The TWU bureaucracy, notwithstanding its complaint that $50 million is not quite enough, certainly agrees with this role, as do other leading union officials.

A spokesman for the Australian Council of Trade Unions (ACTU) said the “decision makes clear that when companies break the law, working people must have the means to hold them to account.” The “means” he is referring to is not any industrial or political struggle by workers. Instead, it is the capacity of the union apparatus to bankroll protracted legal machinations that serve to enrich the bureaucracy and prevent such a struggle.

The reality is that the $50 million payout to the TWU is a reward for services rendered not as a regulator of industrial laws, but of the working class. The bureaucracy earned its bounty by ensuring that the substantial anger of workers, at Qantas and more broadly, over the illegal sackings did not result in strikes or other industrial action, but was safely diverted behind the court case.

The TWU leadership was not only protecting Qantas, but the federal Liberal-National government, which, with the full support of Labor and the ACTU, handed the airline billions of dollars in so-called “Jobkeeper” payments even as it sacked or stood down vast swathes of its workforce.

Qantas used the onset of the COVID-19 pandemic as a pretext to deepen its existing restructuring operation, slashing at least 8,000 jobs and expanding its use of subsidiary companies as a means to employ new hires under lower wages and conditions than existing workers. In addition, the airline has imposed successive real wage cutting enterprise agreements across virtually its entire workforce.
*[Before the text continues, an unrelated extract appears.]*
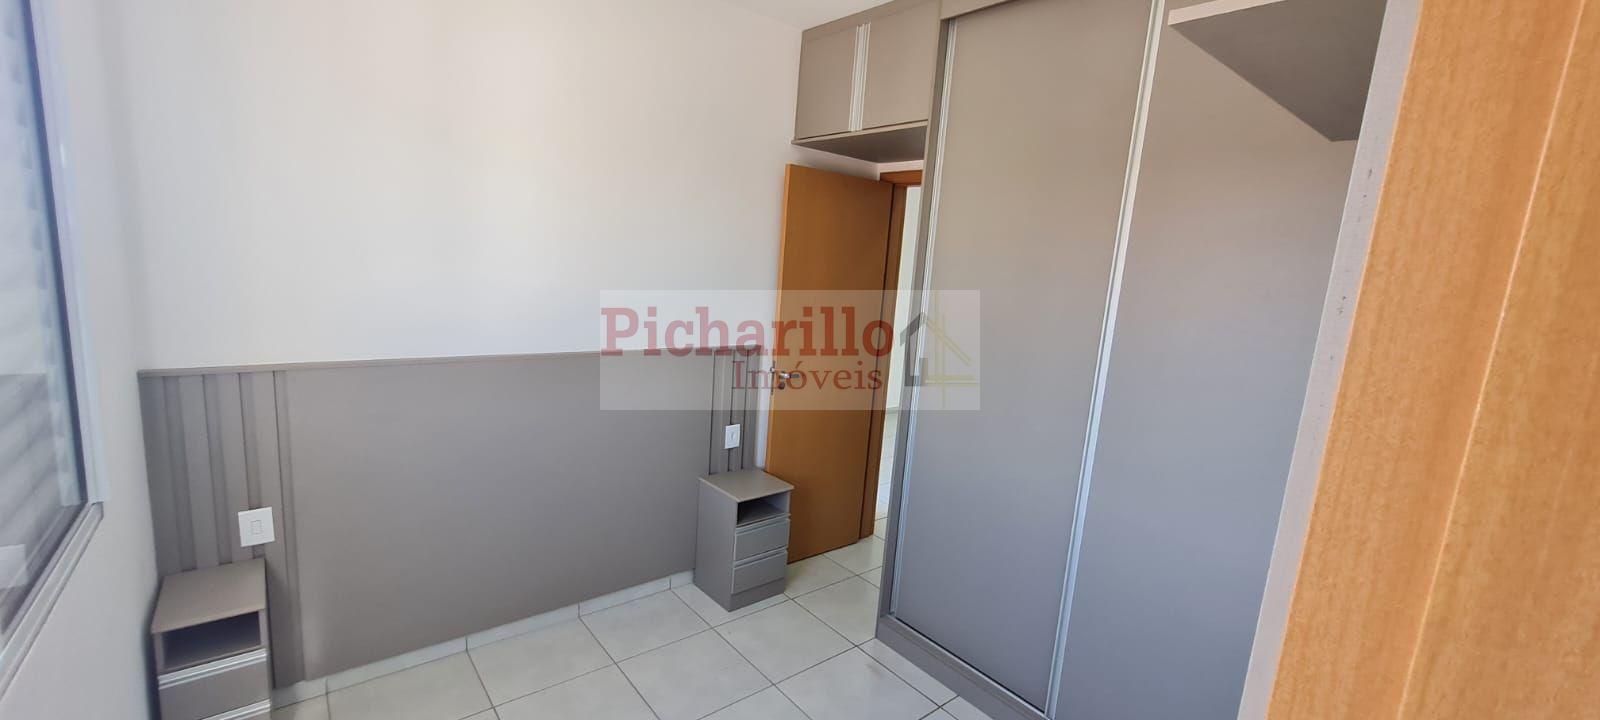 Apartamento com 2 dormitórios (1 suíte) à venda, 48 m² - Jardim Brasil - São Carlos/SP

None of this would have been possible without the collaboration of the TWU and other aviation unions, which have kept industrial action to a non-disruptive minimum throughout the past five years, despite votes to strike by almost every section of workers.

The integration of the unions into the framework of the pro-business courts and their hostility to any industrial action even when masses of workers are sacked are expressions of the role of the bureaucracy as an unalloyed police force of the corporations and governments.

The draconian Fair Work industrial legislation introduced by the union-backed Labor government in 2008, and its various amendments, including by the current federal Labor government, have expanded the power of, and further entrenched the union apparatus in, the industrial courts. The purpose is to deepen the suppression of strikes and the class struggle as a whole.

The balance sheet for the five years since the illegal sackings is revealing. Qantas is up by hundreds of millions of dollars, as the fine and compensation are dwarfed by the savings from the outsourcing and other cost-cutting measures undertaken with the confidence that the TWU and other unions would block any organised opposition by workers.

The TWU has pocketed at least $40 million after legal costs. The law firms representing both sides have collected tens of millions. The losers are the workers: the sacked baggage handlers, whose compensation after five years in the wilderness amounts to less than a year’s wage, and all the other Qantas workers who have been outsourced or slapped with real wage cuts enforced by the TWU and other aviation unions.

Conclusions must be drawn from this experience. Workers, in aviation or any other industry, cannot leave the defence of their jobs, wages and conditions in the hands of the courts, Labor or the unions. New organisations, rank-and-file committees democratically run by workers, not bureaucrats, must be built in every airport and workplace. Through these committees, workers can ensure that any attempt by management to slash jobs, outsource workers, or cut real wages and conditions, is met with an industrial fight, including strikes, not legal notices.

What is required is not only an industrial struggle against Qantas and other major corporations, but a political fight against the union bureaucracies, courts, Labor and the capitalist system itself. A fight must be taken up for a socialist perspective, including for vital transport infrastructure, including the airlines, to be placed under democratic workers’ control and ownership, to serve the needs of the entire working class, not increase the profits of the wealthy elite.